Keywords: bilingualism, multilingualism, languaging, superdiversity, repertoires, Fishman
Massimiliano Spotti is assistant professor at the Department of Cultural Studies at Tilburg University, The Netherlands. He is also deputy director of Babylon – Centre for the Study of Superdiversity at the same institution. His research tackles the theme of asylum seeking and identity construction through the analysis of social media influence on the doings of asylum seekers. He has published his work in several peer-reviewed journals including Linguistics and Education, Diversities, Journal of Language, Identity and Education, Applied Linguistics Review as well as co-editor of the Volume Language and Superdiversity (Routledge 2016).

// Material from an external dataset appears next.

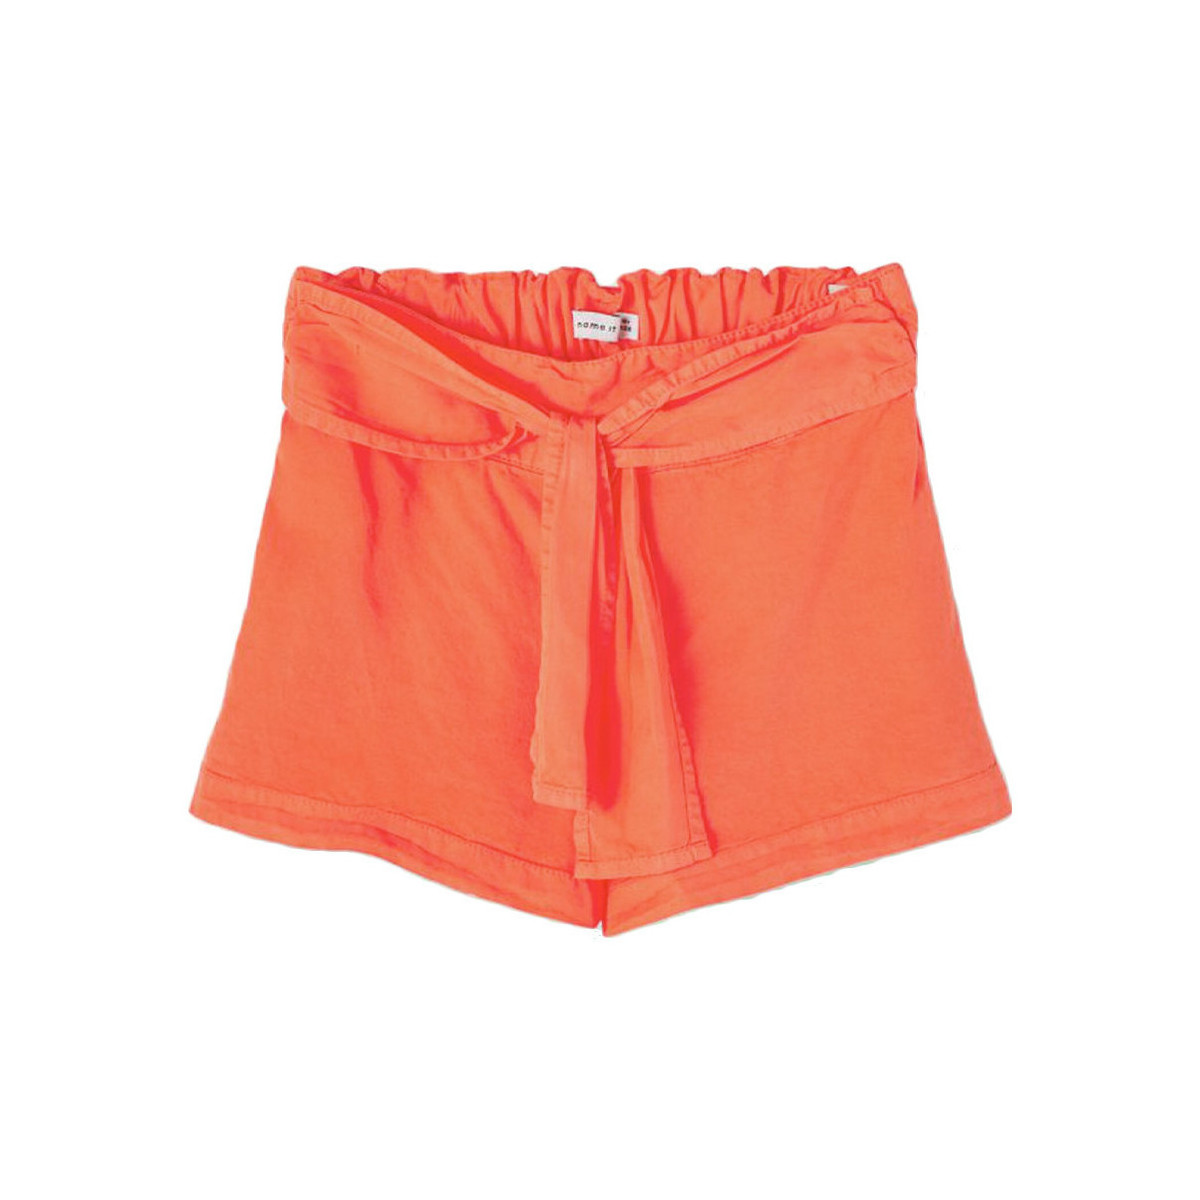 Vêtements Fille Shorts / Bermudas Name it 13190315 Orange
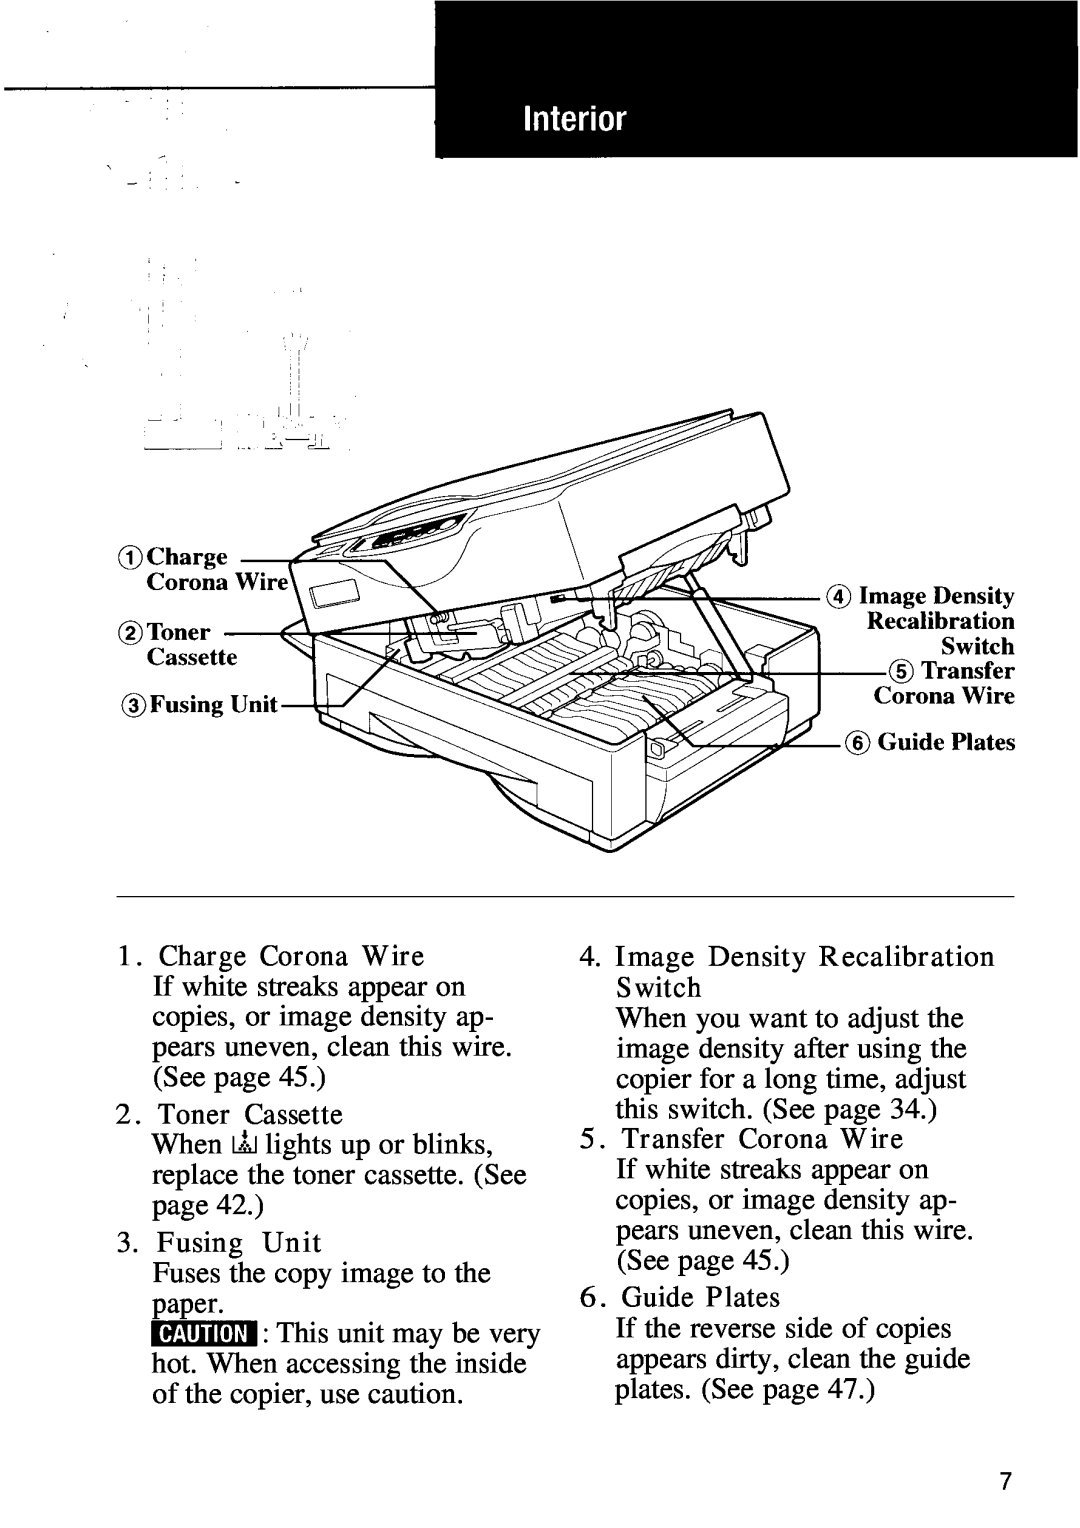 Ricoh 1008, FT1208 manual Toner Cassette, Fusing Unit, Image Density Recalibration Switch, Guide Plates

Jan Blommaert is Professor of Language, Culture and Globalization and Director of the Babylon Center at Tilburg University, The Netherlands, and Professor of African Linguistics and Sociolinguistics at Ghent University, Belgium. He holds honorary appointments at University of the Western Cape (South Africa) and Beijing Language and Culture University (China) and is group leader of the Max Planck Sociolinguistic Diversity Working Group. He has published widely on language ideologies and language inequality in the context of globalization. Publications include Ethnography, Superdiversity and Linguistic Landscapes: Chronicles of Complexity (Multilingual Matters 2013), The Sociolinguistics of Globalization (Cambridge University Press, 2010), Ethnographic Fieldwork: A Beginner’s Guide (Multilingual Matters 2010), Grassroots Literacy (Routledge, 2008), Discourse: A Critical Introduction (Cambridge University Press, 2005), and Language Ideological Debates (Mouton de Gruyter, 1999).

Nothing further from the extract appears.